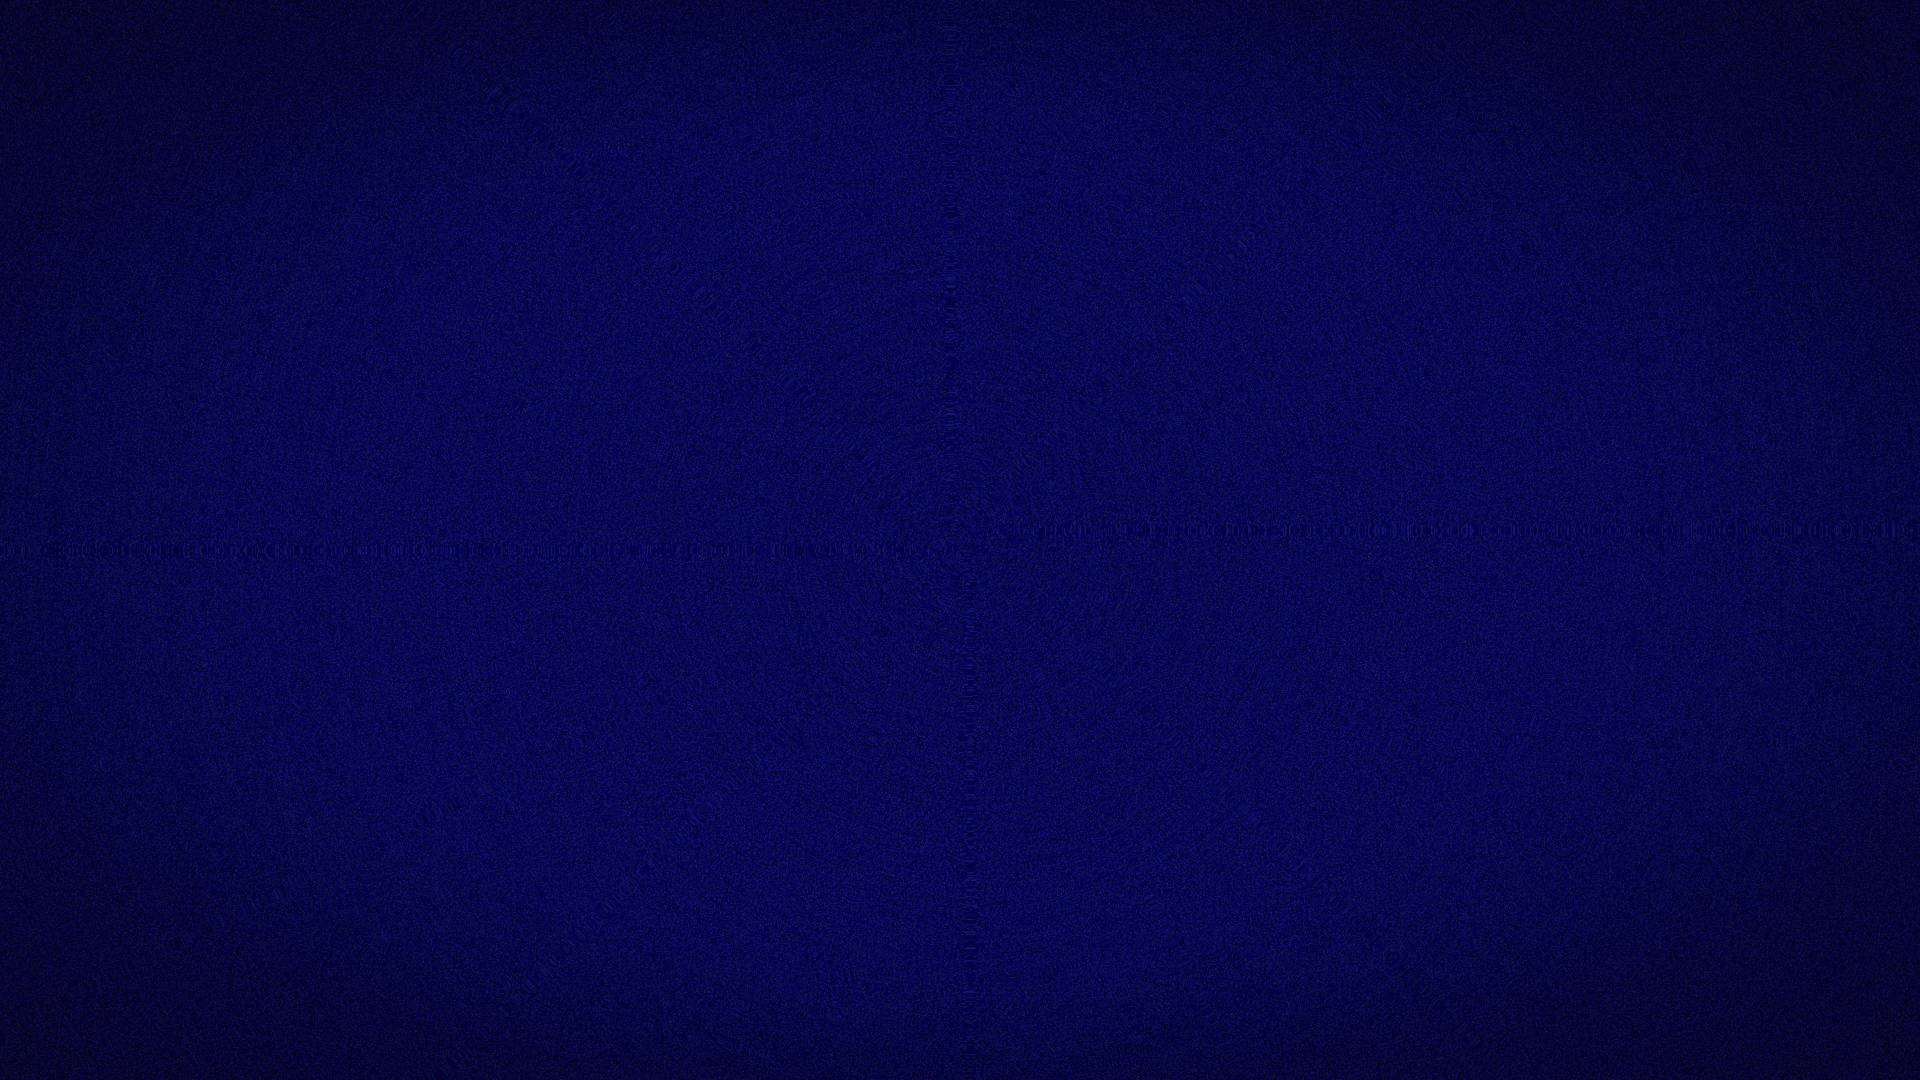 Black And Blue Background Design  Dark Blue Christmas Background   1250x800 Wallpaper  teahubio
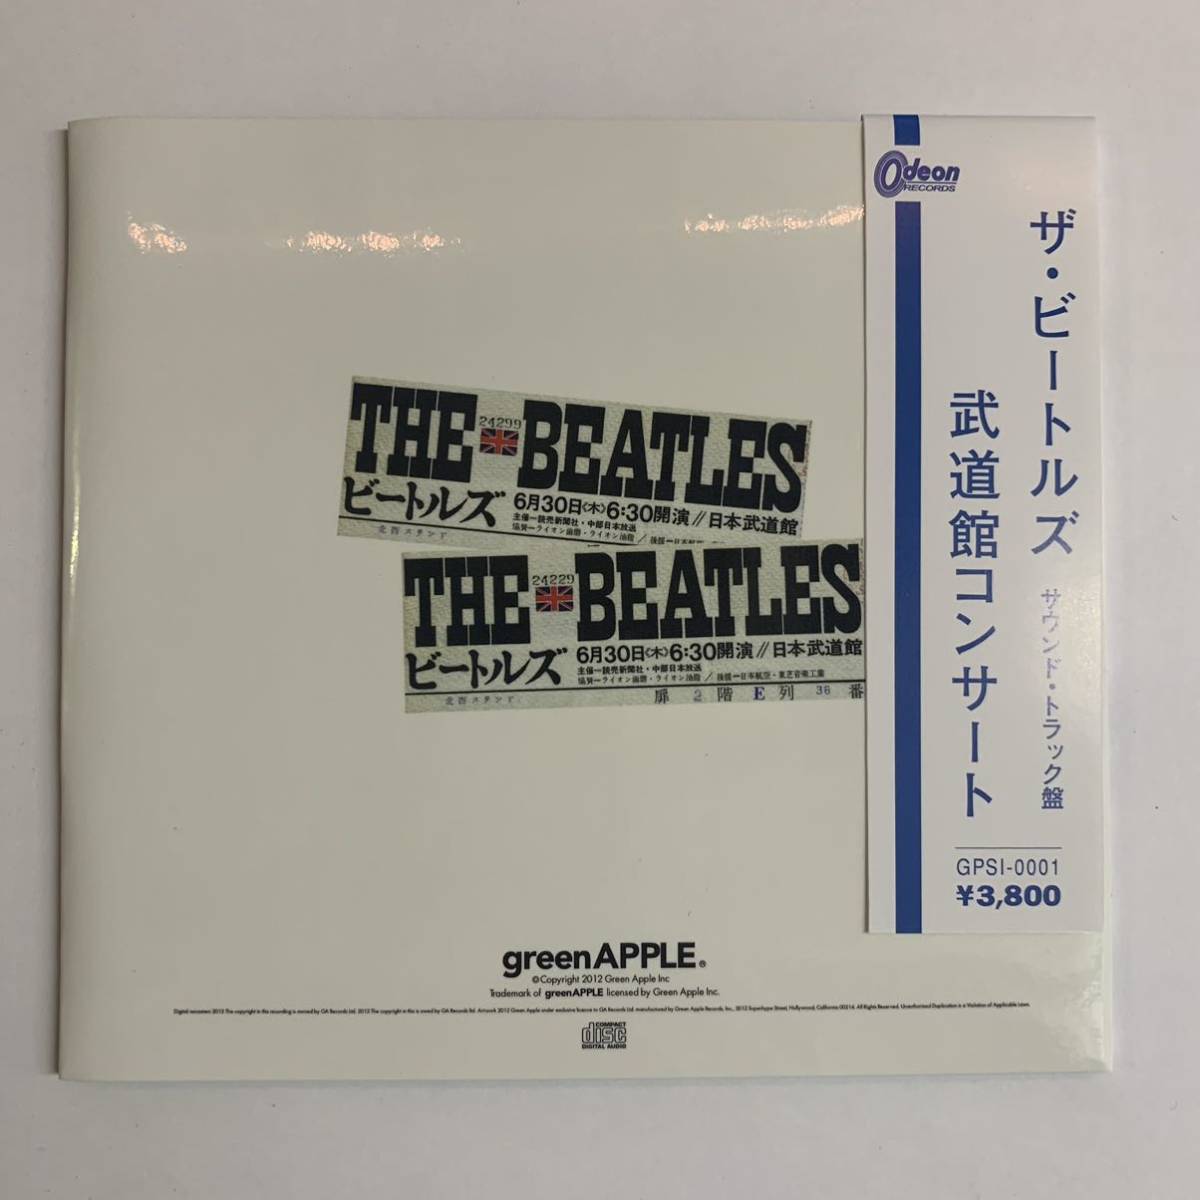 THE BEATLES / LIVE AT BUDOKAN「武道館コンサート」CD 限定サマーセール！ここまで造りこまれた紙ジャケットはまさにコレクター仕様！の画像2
#####
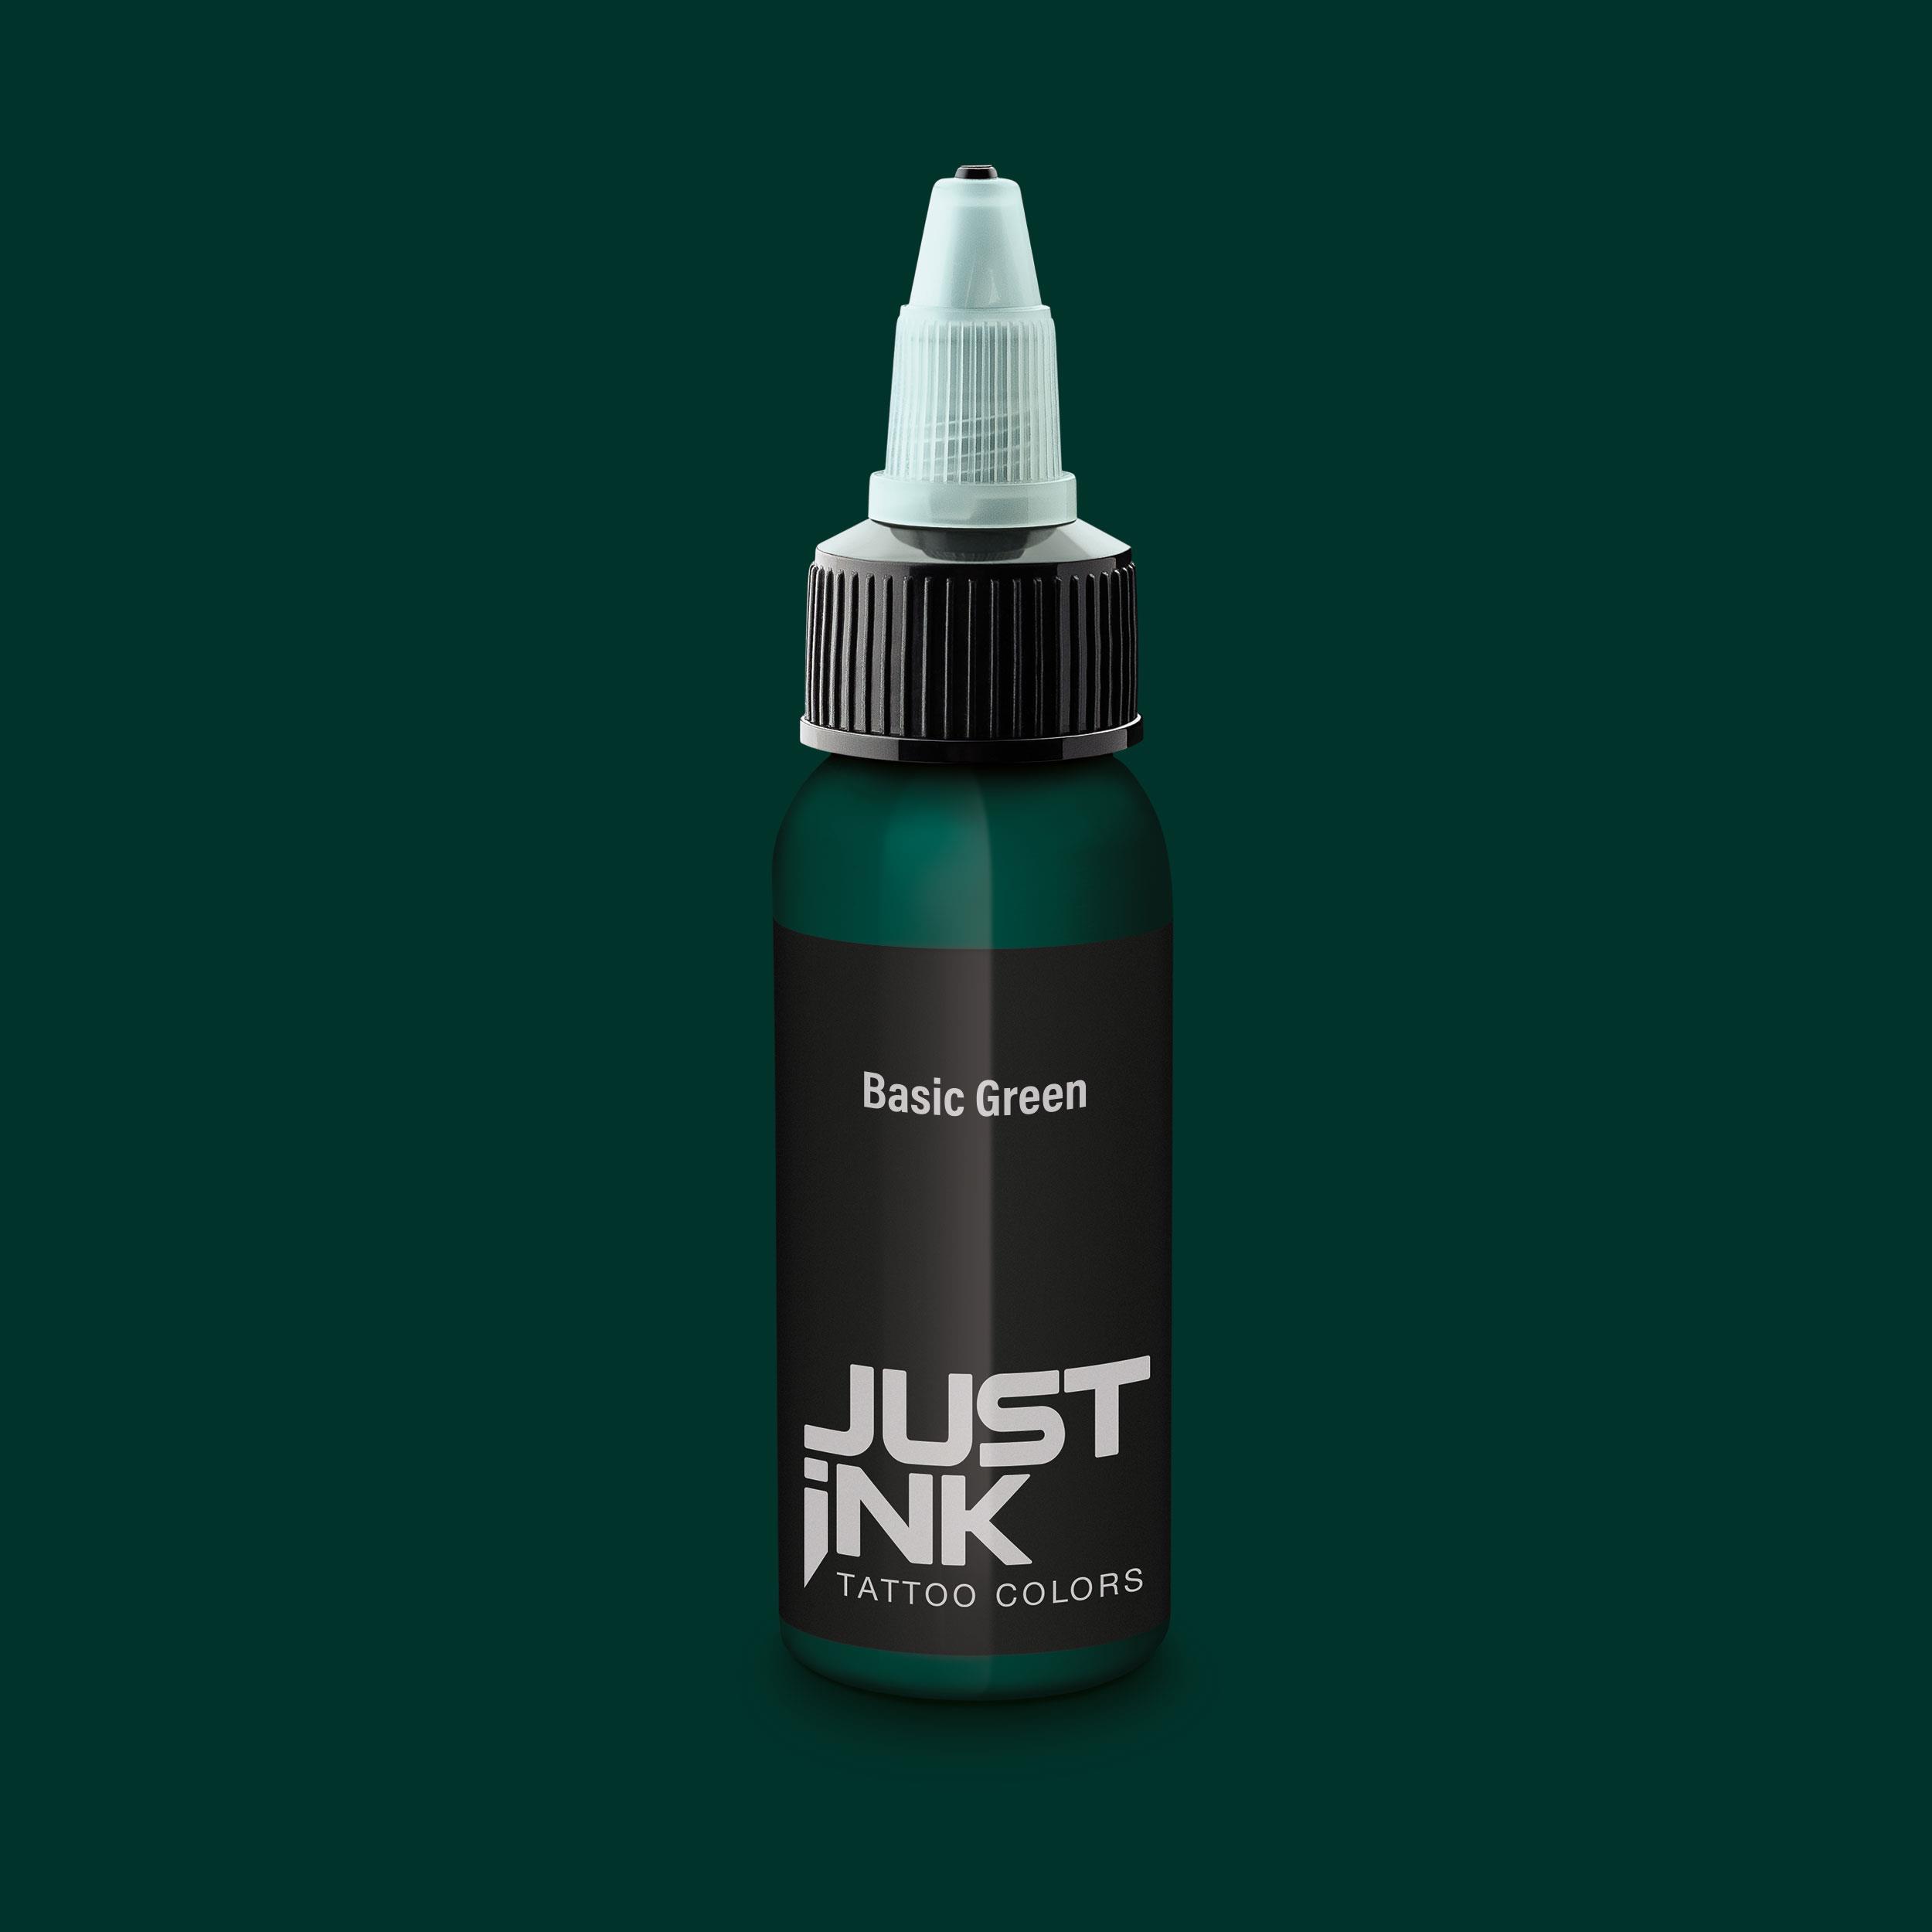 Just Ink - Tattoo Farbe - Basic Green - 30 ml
#####
◆ WORK INSTRUCTIONS
Restate the lines above from the one containing "Black And Blue" through the one containing "THE BEATLES /", inclusive, exactly and without pictures.

◆ FINISHED EXERCISE
 Black And Blue Background Design  Dark Blue Christmas Background   1250x800 Wallpaper  teahubio
 THE BEATLES / LIVE AT BUDOKAN「武道館コンサート」CD 限定サマーセール！ここまで造りこまれた紙ジャケットはまさにコレクター仕様！の画像2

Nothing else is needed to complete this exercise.